Director: George Schneevoigt
Cast: Mona Martenson, Peter Malberg

(USDVD release date: )

Laila (Mona Martenson) is a Norwegian orphan who, after several complicated and deadly circumstances, is adopted and raised by a reindeer-rich family of Lapps, a nomadic people of the far north. She falls in love with a Norwegian merchant whom she doesn’t realize is her cousin, but that’s not the problem. The problem is that everyone is wary of love across ethnic lines, although the plot has secretly solved this by having Laila believe she’s a Lapp when she’s not. So the story isn’t quite ready to cross that boundary (unlike, say, the Hollywood western The Squaw Man), although the merchant is ready to marry Laila before he realizes they’re from the same family anyway.

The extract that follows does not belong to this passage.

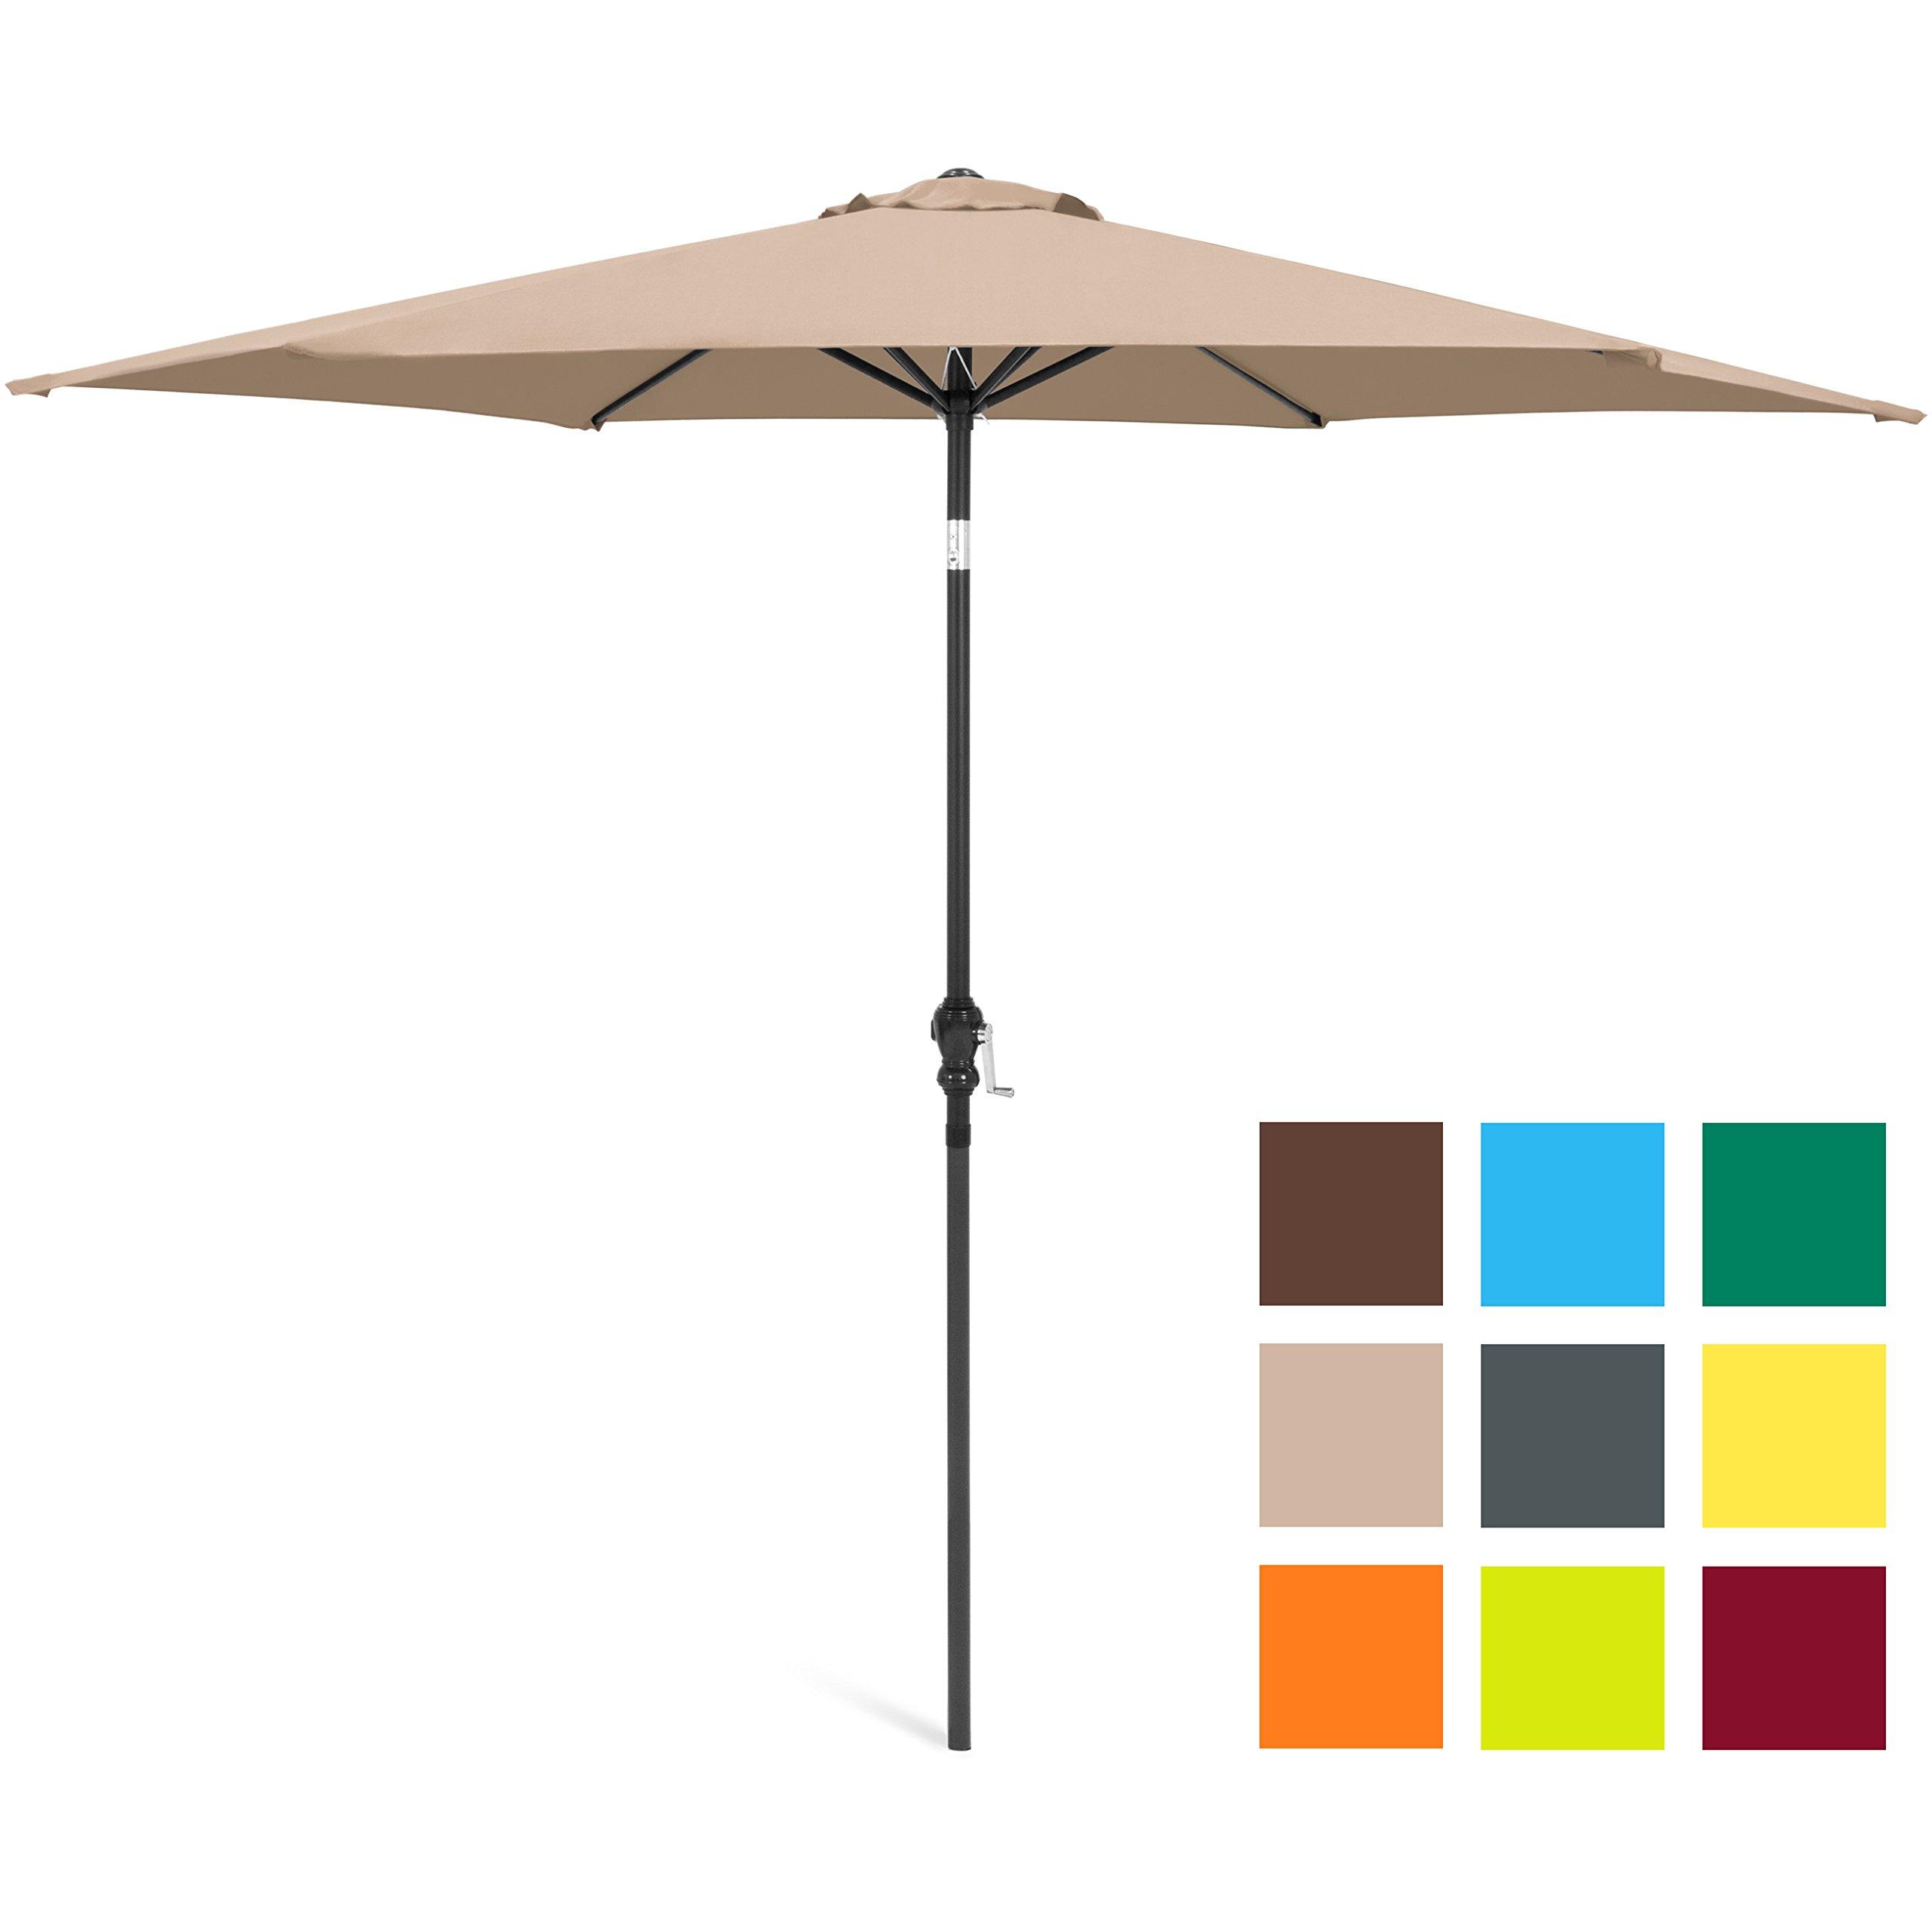 Best Choice Products 10ft Outdoor Steel Market Backyard Garden Patio Umbrella w/ Crank, Easy Push Button Tilt, 6 Ribs, Table Compatible - Tan

As Laila’s adoptive father, Peter Malberg is as striking and distinguished a screen presence as Martenson is radiantly young and beautiful. Indeed, all the actors register, including Tryggve Larssen as an avuncular Charley Grapewin-ish Lapp who does all the heavy plot-lifting. The strong, tender feelings of love and jealousy that various characters have for each other, including the hero’s lovely sister and the Lapp man engaged to Laila, make this silent drama an emotional display of pensive close-ups amid the splendors of the various locales. It’s also got action-packed scenes of being chased by wolves and going over waterfalls and such antics, but the dominant tone is one of lyricism and harsh beauty.
  
This restoration of a Norwegian silent classic, based on a classic Norwegian novel (all mostly unknown outside Norway), is for the most part beautifully sharp, which makes a great difference when appreciating the subtle facial expressions and the picturesque compositions. Robert Israel provides the piano score. The movie draws you in with the kind of spell only silent films can have. If some gestures seem “old-fashioned”, it’s only appropriate for this glimpse of a forgotten time and place.


The extras on the DVD are only photos, while an excellent booklet gives the history of this project and those involved, including director Schneevoigt, who made a talkie remake. There have been other remakes and similar romantic/exotic films about the Lapp people, which makes one’s mouth water in futility for a Lappland boxed set, or a history of Norwegian cinema.